Di Jakarta ada fenomena martabak lebih penting ketimbang martabat. Sebaliknya di desa. Ini terjadi karena mungkin kehidupan di kota telah sedemikian kerasnya.
Itulah fenomena paradoksal di kota dan di desa yang membutuhkan penelitian lebih lanjut dari para pakar.
Hanya saja, kaya atau miskin sebenarnya terletak pada mentalitas. Dikutip dari berbagai sumber, orang bermental miskin menghabiskan sebagian besar pendapatannya untuk memenuhi gengsi dan gaya hidup. Mereka tak ragu membelanjakan uangnya untuk membeli barang-barang mewah dan bermerek hanya untuk terlihat ‘wah’ dan borjuis.
Sementara orang bermental kaya tidak peduli akan hal tersebut. Mereka membelanjakan uang untuk hal-hal yang benar-benar menjadi kebutuhan, sehingga bisa menyisihkan penghasilan yang akan semakin menambah pundi-pundi kekayaan mereka.
Orang bermental kaya membeli fungsi, orang bermental miskin membeli gengsi.

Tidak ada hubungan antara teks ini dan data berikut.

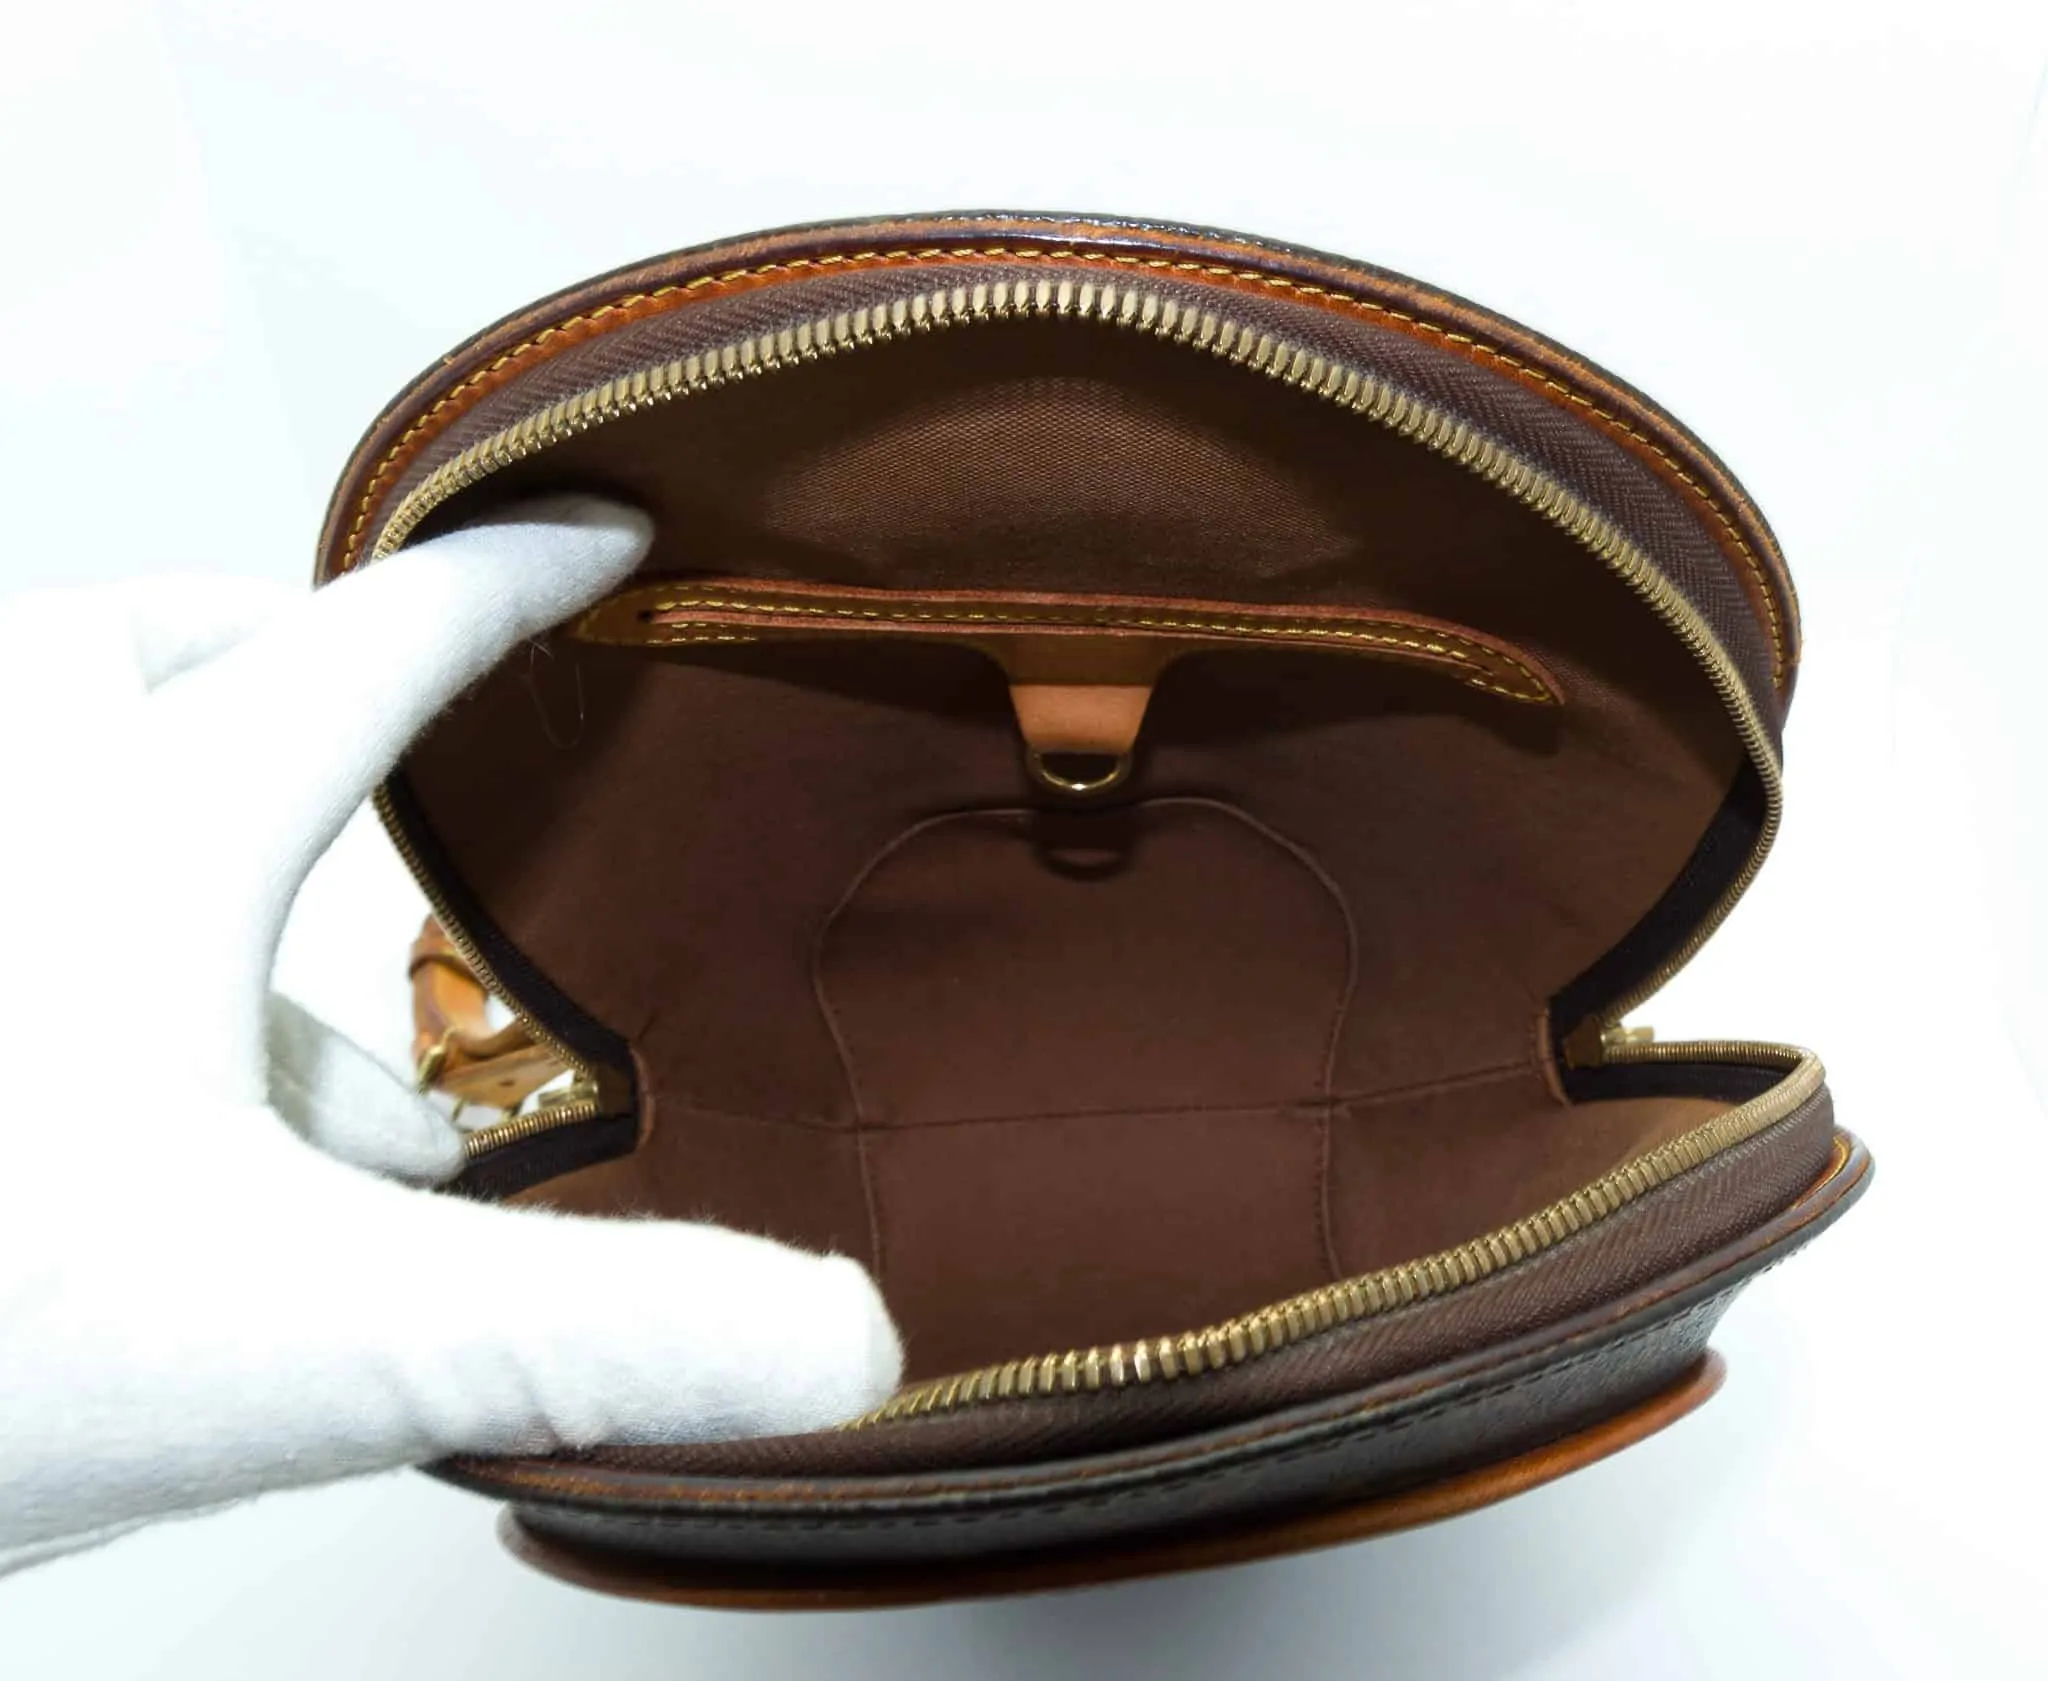 Sold at Auction: Vintage Louis Vuitton 'Ellipse' Backpack

Saat membeli barang, orang bermental kaya akan lebih mengutamakan fungsi daripada gengsi. Mereka lebih memilih untuk membeli barang yang tidak terlalu mewah namun awet dan berkualitas daripada harus membeli barang bermerek yang harganya melebihi kualitasnya.
Sebaliknya, orang bermental miskin tidak terlalu peduli dengan fungsi karena lebih mengutamakan gengsi. Asal terlihat keren dan ‘wah’, barang mahal pun tetap dibeli.
Alhasil, sambil melancarkan seruputan pamungkas atas kopi yang masih tersisa, tulisan ini pun diakhiri dengan ucapan terima kasih kepada istri, karena di tanggal yang sudah tak muda lagi ini, si cantik itu masih sanggup menyuguhkan secangkir kopi beserta sepiring pisang kepok goreng yang bagi kami tergolong mewah.
Istriku pun bergumam, kaya atau miskin memang soal mentalitas.
Karyudi Sutajah Putra: Pegiat Media, Tinggal di Jakarta.